Every morning before a cold shower.


----------



## hotmetal (Oct 31, 2013)

Not me but I am thinking of laying bamboo flooring. Supposed to be super resilient and as an added bonus, if I spill my coffee it will still taste nice when I lick it up!


----------



## The Systemic Kid (Nov 23, 2012)

hotmetal said:


> Not me but I am thinking of laying bamboo flooring.
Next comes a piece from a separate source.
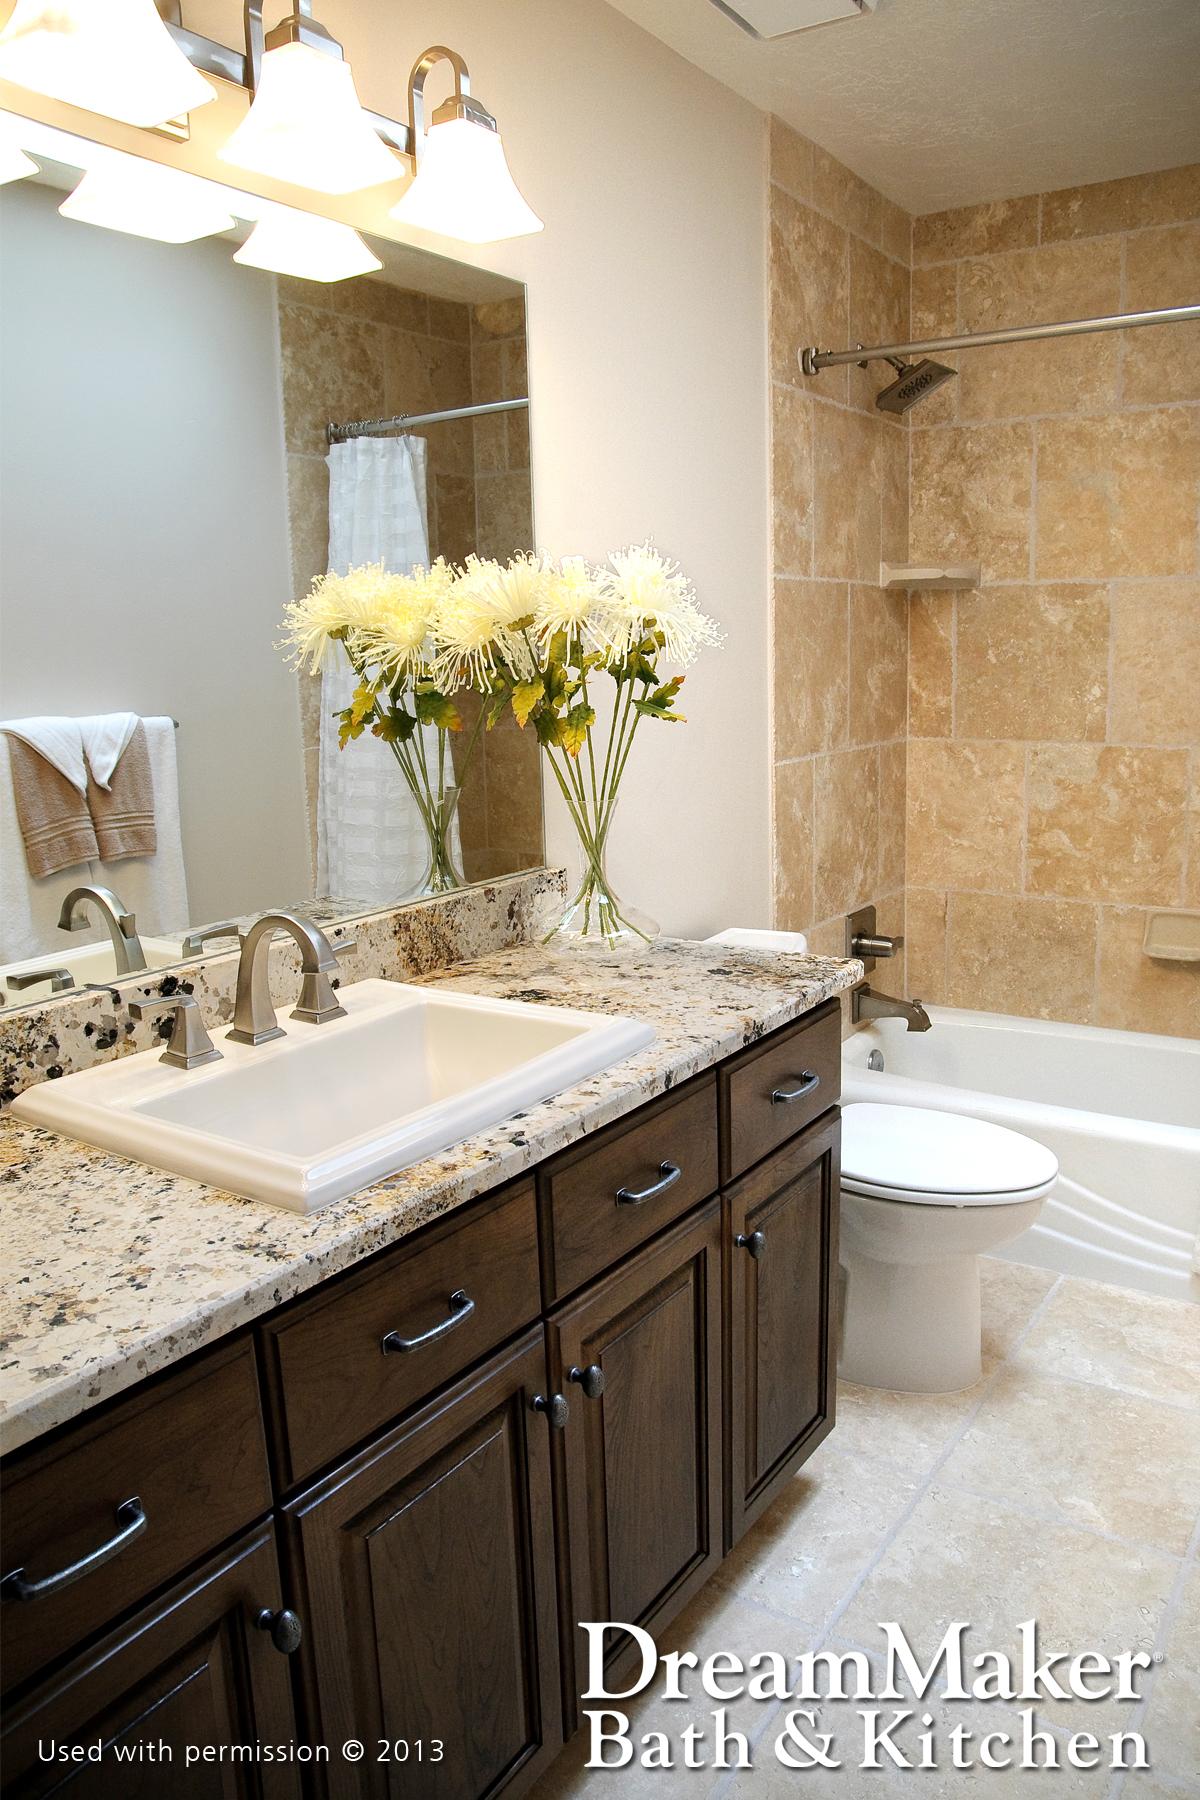 Standard Baths Gallery Lubbock Dreammaker Bath And Remodeling - Bathroom remodel lubbock

Supposed to be super resilient and as an added bonus, if I spill my coffee it will still taste nice when I lick it up!


No


----------



## 4085 (Nov 23, 2012)

not related,but, several years ago, a friend who was the local bbc rugby commentator for the newcastle falcons, invited me along to be a guest and to chip in every now and then. we were playing a much fancied french team who as it happened, we narrowly beat. with just a few minutes to go, I stood up and started looking around,and kev williams, as he always did tried to catch me out by switching the feed live to me, then saying, and what are you up to then David. My immediate reply was, I am looking for a fat lady and I hope she is singing...he did not stop chortling for ages....some people are easily pleased!


----------



## Rhys (Dec 21, 2014)

urbanbumpkin said:


> Who's got bamboo thighs?


I've been told a few times that I've got hollow legs.. Bamboo is hollow, so does that count?


----------